俞相無的感官浸在黑暗中,全憑觸覺向前,漸漸的,思緒便天馬行空地飄遠了。一會兒是前方未知的築山舊址,一會兒遠在千裏之外的星涼都。

她想起夢中那只靈光流轉的眼眸。

星涼都滅後,她流浪在外,且年歲又小,很多事哪怕刻意去回憶,都還原不出本來的面貌了。昔日府中如何輝煌華盛,倘若說是在前些天回去見過荒廢敗落的府門後,她在夢裏一廂情願幻想出的細節,那這只眼睛的蛛絲馬跡她卻一點兒都沒捕捉到。

但這只眼睛出現了兩次。

連聲音都惟妙惟肖。

俞相無覺得自己忘記了很重要的事。

還有那副為“夢寒刀”繡的旗幟。
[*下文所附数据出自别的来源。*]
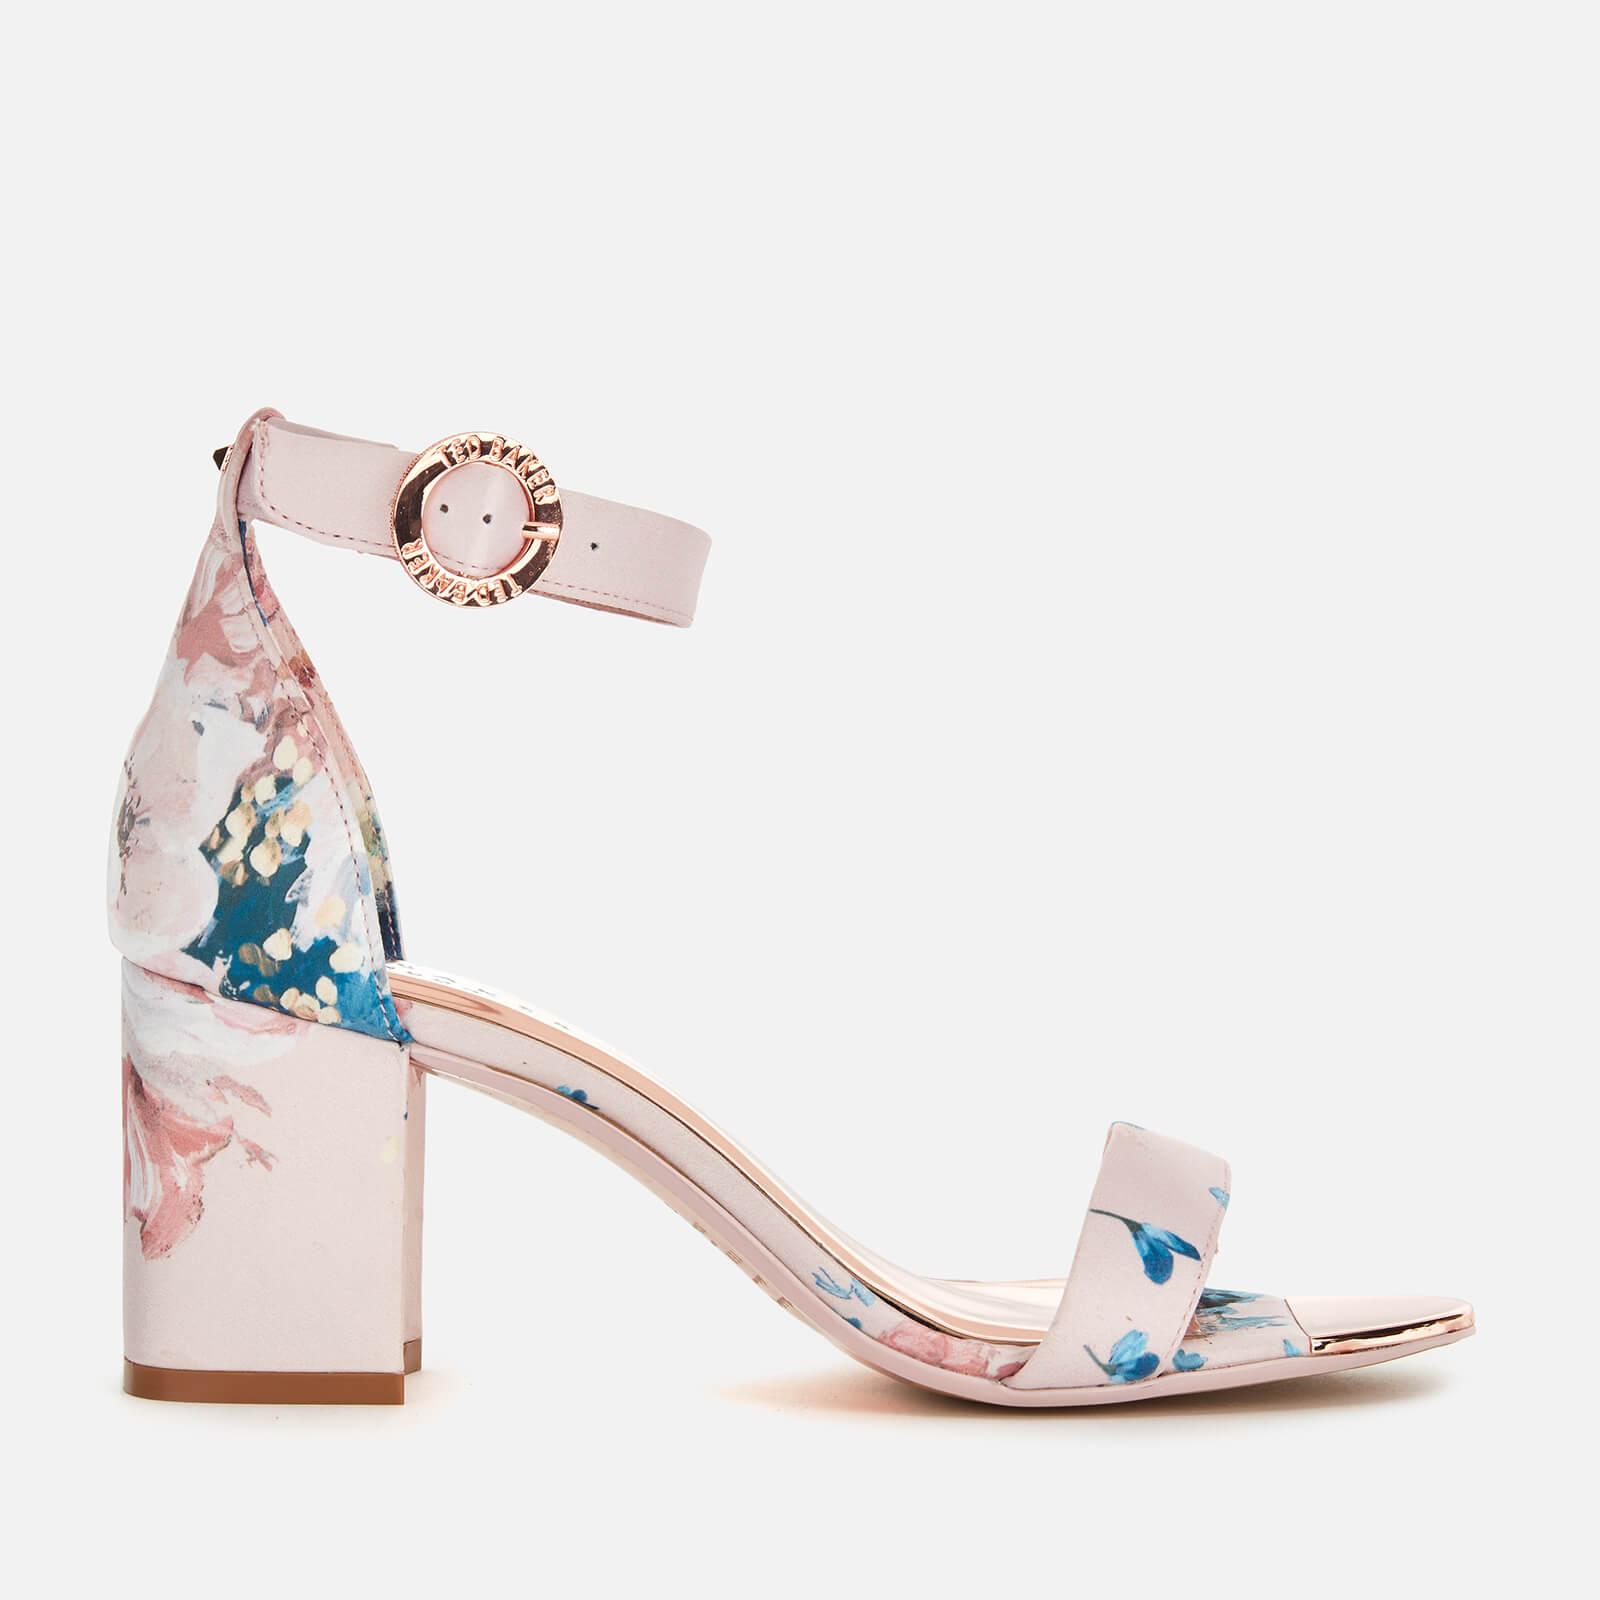 Ted Baker Women's Manyah Satin Block Heeled Sandals - Light Pink - UK 6 - Pink
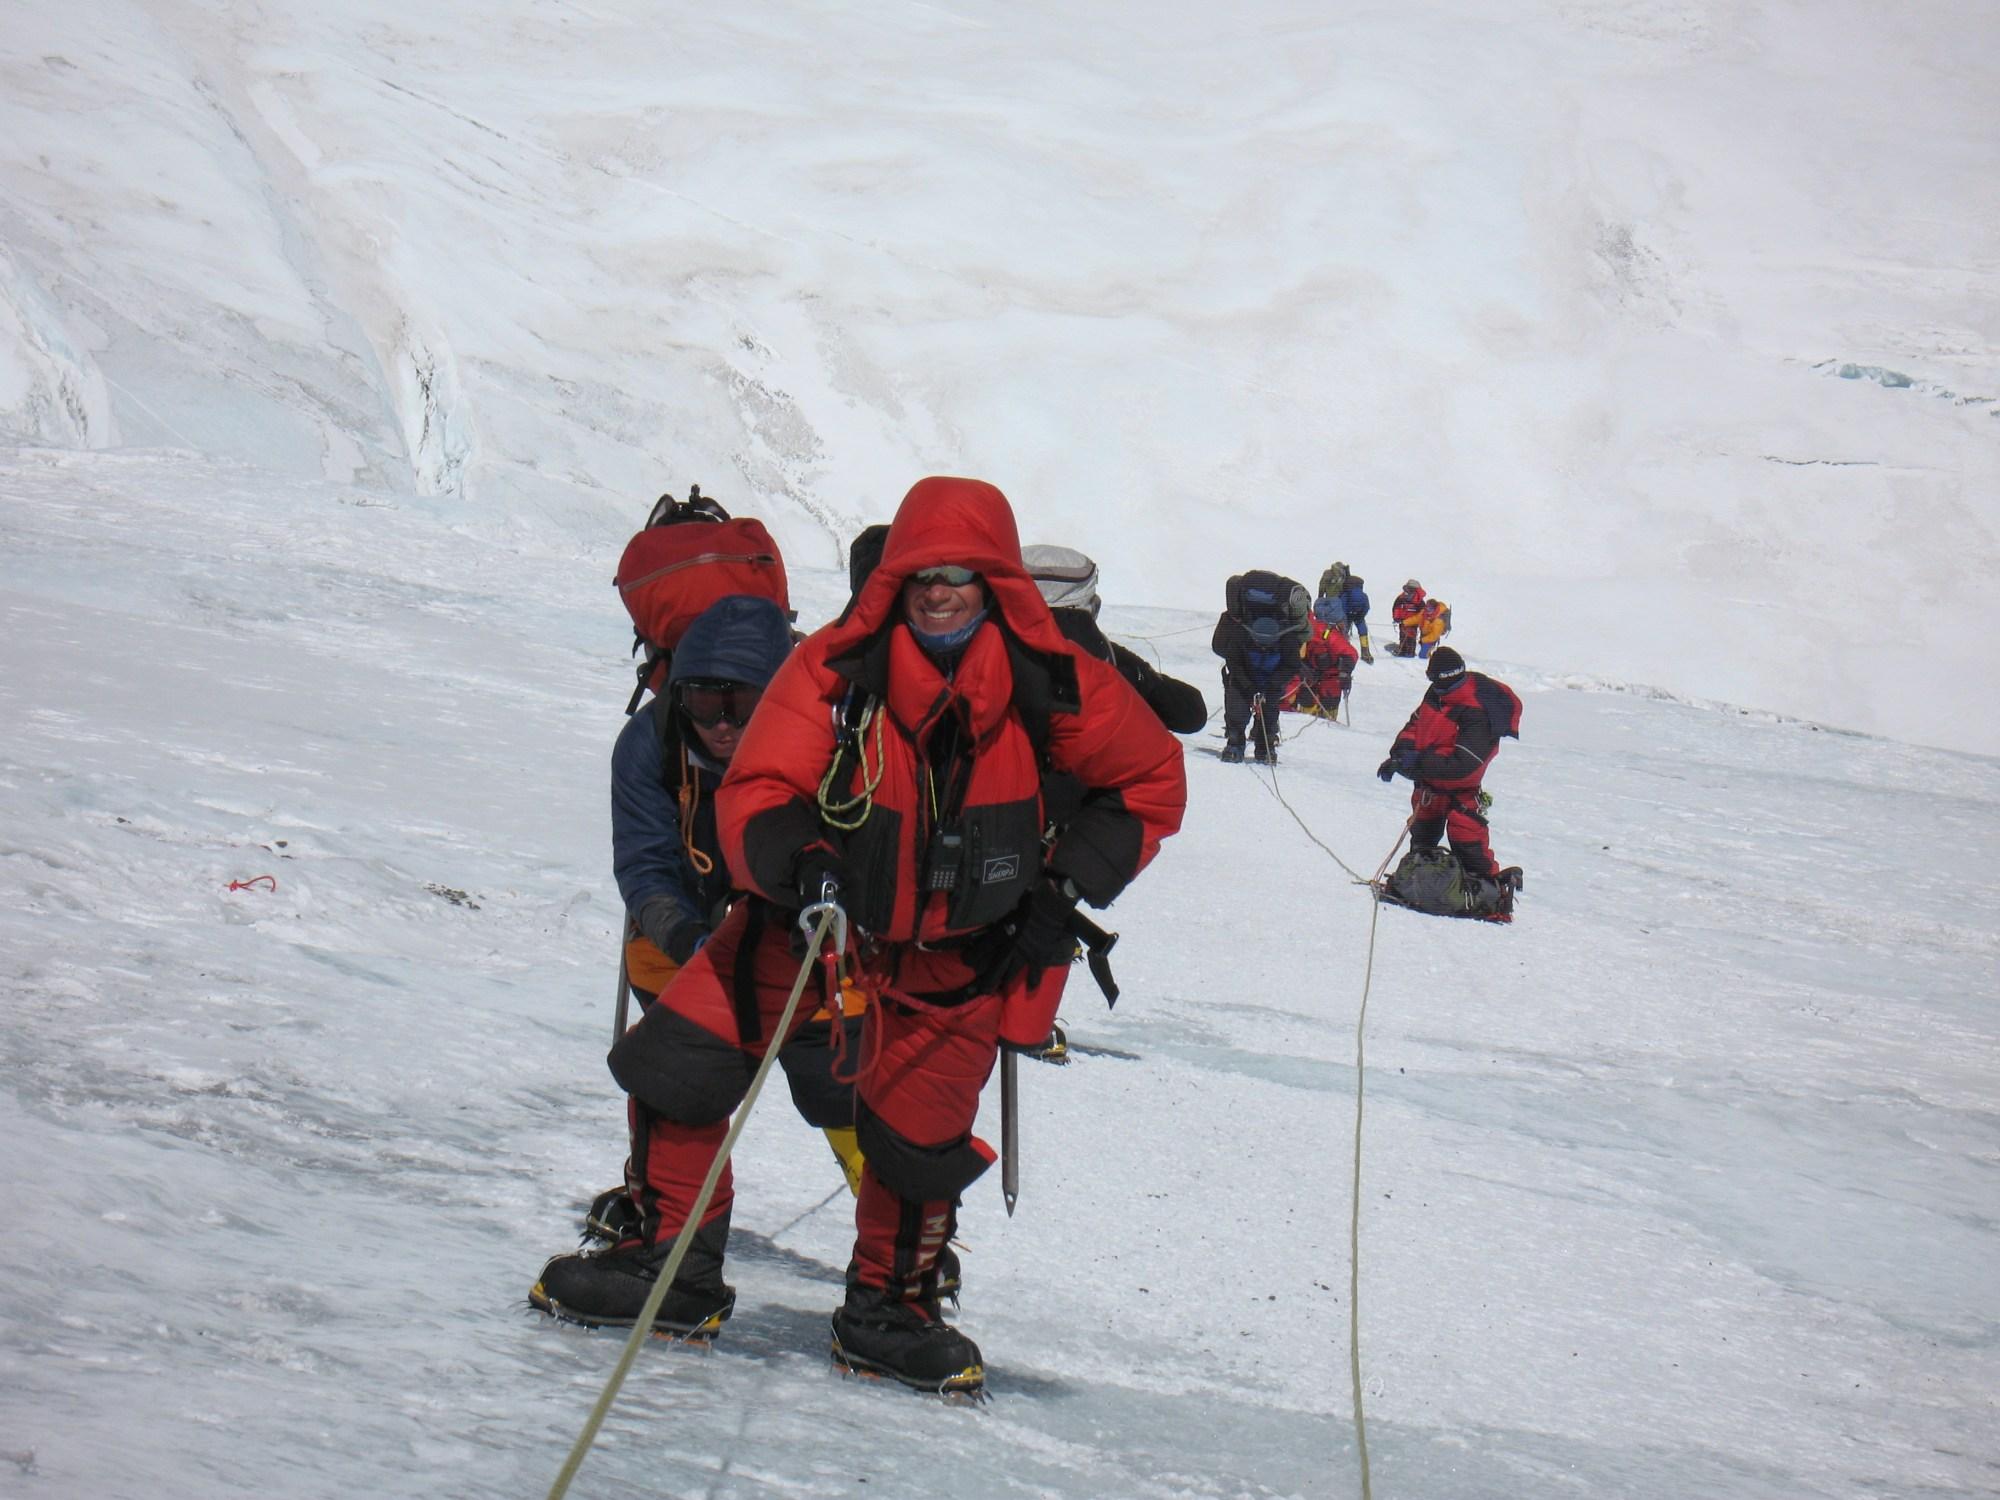 Everest, Lhotse Face, Vern Tejas

她爹來者不拒地往星涼都裏收無所依靠的人、無權無勢的小門派,竟會有獨立一派的想法嗎?

前方有微弱的光閃進眼中。

俞相無回神,花角半個身體探出洞口,這才有餘地回身。他握住俞相無的手腕,確定俞相無現下能聽見,才道:“當心些,有點高。”

說著,他撐著地朝下一跳。

俞相無挪過去,發現他們前面鉆的洞懸在石壁上約有半人高的地方。她輕輕松松躍出去,四下一打量,是個空曠的密室,側壁上架了幾盞嶄新的燈燭,應該是花角他們不久前安置的。

這密室中,像他們走的洞穴便有數十個,若現在還能使用,想必能通去築山四面八方所有與外界相接的角落。花角取下一盞燈,照亮了被刻得傷痕累累的石壁。

上面有字有畫,還有淩亂的線條。

俞相無粗粗看了一眼,沒看出這些字、畫和線條有什麽聯系。

花角卻很熟練。

他舉著燈盞看了一會兒,走到東邊,摁動了幾個隱藏在石壁上的機關。隨後,上方漆黑的石頂響動,慢慢從西面露出了一塊不大不小的出口。

“噗通”幾聲,從這方天光大亮的出口處,掉了個藤梯下來。

花角把燈放回去,對著俞相無道:“癡癡,從這邊上。”

俞相無跟上他,爬了上去。

待他們上去,落到古樸疏落的巨樹旁,花角抽出劍鞘微微一抵,這巨樹仿佛長了腳一樣,順從地轉了個彎,靠到了樹林之前,樹身搖動,露出了十分吸引人查探的樹洞。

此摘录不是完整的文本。